Anguera joined Penn's faculty a year and a half ago after a postdoctoral fellowship at Harvard Medical School, where CRISPR-guided research flourishes. Both she and Epstein hope to grow Penn's community of users, now just a handful.
The Broad Institute, a Harvard-MIT biomedical research collaborative, holds the patent for the tool's components and methods. Its main inventor? A 32-year-old neuroscientist, Feng Zhang. Early last year, Zhang and his team were the first to demonstrate the system's search-and-edit capabilities in the cells of mice and humans.
Researchers at the University of California, Berkeley, first used CRISPR to make targeted DNA cuts. After more work by Zhang, CRISPR has become the powerful tool seen today, with a proven record in many animals and plants.
"The analogy would be like the search-and-replace function in Microsoft Word," Zhang said. "In the genome, we don't have a biological search function, so we use a specific string of letters."
This string of 20 letters, or bases, is used as a template to search for a specific matching section of the genome, which is no small feat. In humans, double-stranded DNA is made up of three billion base pairs. But once you engineer the special 20-letter-long code, or guide RNA, the CRISPR system will target the desired gene by searching along the DNA until it makes a match. Once locked in, an enzyme then acts like DNA scissors and cuts the two strands.

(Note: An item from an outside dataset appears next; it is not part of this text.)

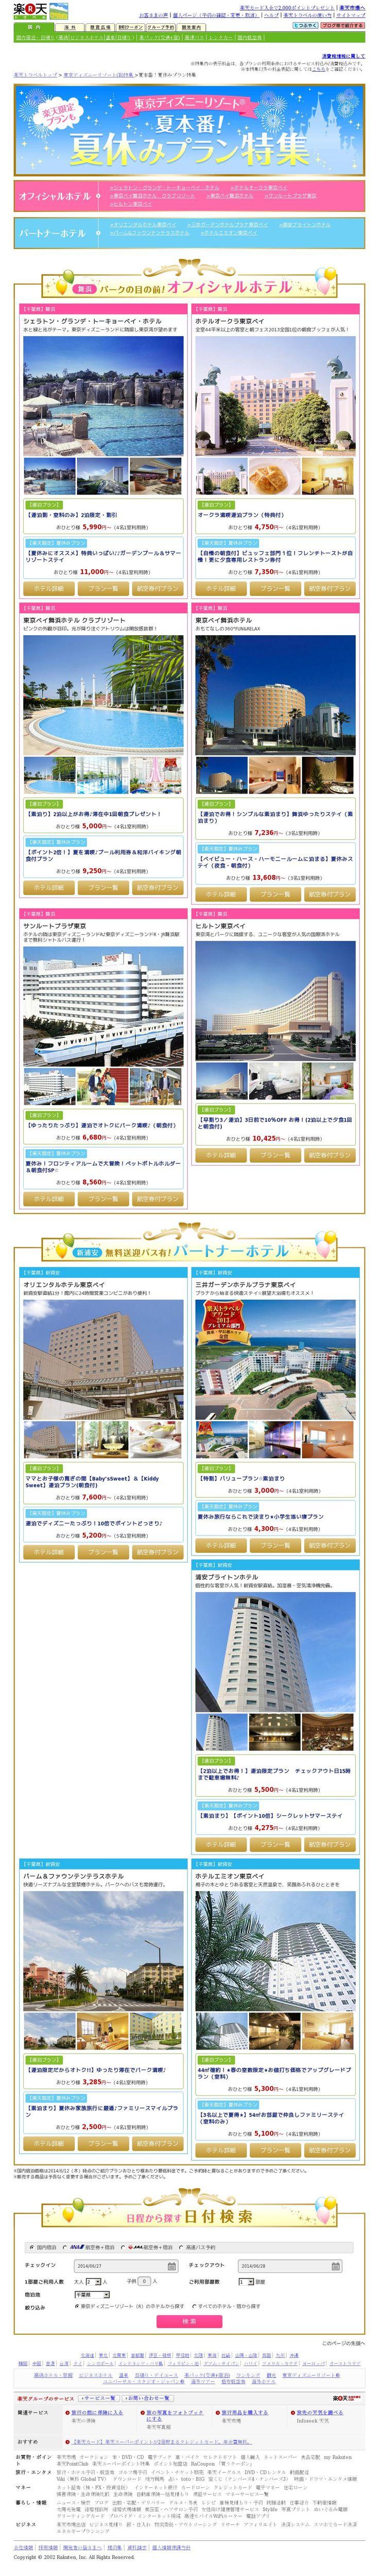 2014/5/22【D/C】【TDR】シーズン特集5月(早期夏休みorパスポート付)

Because many CRISPRs can act at once, you can delete whole regions or cut and paste from different areas of the genome. The tool can also exploit the cell's natural DNA repair mechanism and weave a new piece of genetic code into a gap.
Zhang has cofounded a Cambridge, Mass.-based start-up, Editas Medicine, to develop new treatments using CRISPR.
"In areas of research, CRISPR can help us understand and identify genetic mutations that can lead to disease," he said. "Clinically in the long run, we might be able to use it to repair mutations."
Zhang also notes that real-world applications abound beyond medicine too: making better crops or biofuels. But experts say it will be years before genomic surgery comes to a hospital near you.
"It may take 10 years, could be shorter," Bao said. "The most important challenge is off-target cutting - not only cutting where you want to cut, but also at other locations you don't want."
For instance, if 19 out of 20 letters match up, the guide RNA may still bind and cause the enzyme to cut the wrong gene. Zhang is working on ways to make the search more stringent, such as increasing the number of letters.
And even when the correct edits are made, an organ could have other issues. Researchers recently regenerated damaged heart muscle in monkeys using an older gene editing technique, and found that the animals had episodes of irregular heartbeats after the procedure.
Still, Epstein remains optimistic about CRISPR's future, and predicts it will be available to patients within a decade.
"It's not pie-in-the-sky anymore, it's real," he said. "Changes can occur in surprising, quantum leaps."